Posted by Andrew Byers | Jun 18, 2011 | 0 Comments

Unavailable Assets and Medicaid

Some assets are considered "unavailable" by Michigan's Department of Human Services when qualifying for Medicaid. This means you can keep these assets and qualify for Medicaid nursing home benefits. These are usually going to be assets registered in certain types of Trusts. Trusts with long-term care planning provisions may be created and funded by an applicant or a spouse, and the assets may be used to provide for the needs of the applicant or spouse without the assets being categorized as countable resources for Medicaid. These exceptions are as follows:

  • Assets registered in a Medicaid Asset Protection Trust or an Irrevocable Trust for VA (Veterans) Purposes if more than 5 years have passed since ownership of the assets was registered in the trust.
  • Testamentary trustsAssets in a trust created by a Last Will and Testament are not counted. This is true regardless of when the trust was created or the extent to which the assets in the trust are available to meet the needs of the Medicaid recipient. This means that if a married couple is planning ahead, their estate plan can provide that at the time of the passing of the first spouse, some or all of the assets are protected for the surviving spouse and available for their needs, but are not at risk for nursing home costs.

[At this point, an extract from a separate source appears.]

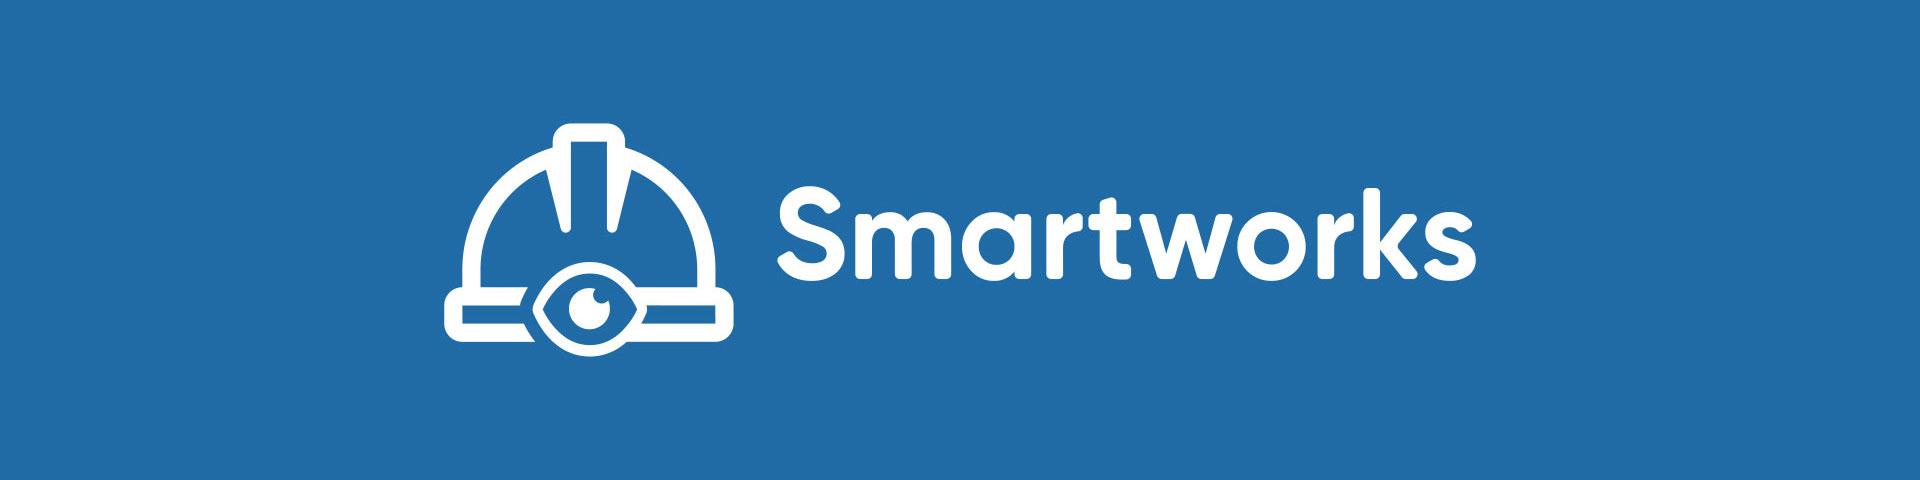 post smartworks 1

Unfortunately, few people have such a provision in their estate plan. This type of trust can be created with a specific type of revocable trust and Last Will and Testament so that long, drawn-out probate proceedings are avoided.
  • Assets in a Sole Benefit Trust established for the community spouse (described in more detail in the in the Case Study, Part 2).

In addition, certain jointly owned assets may be considered unavailable, which will be discussed in the next post.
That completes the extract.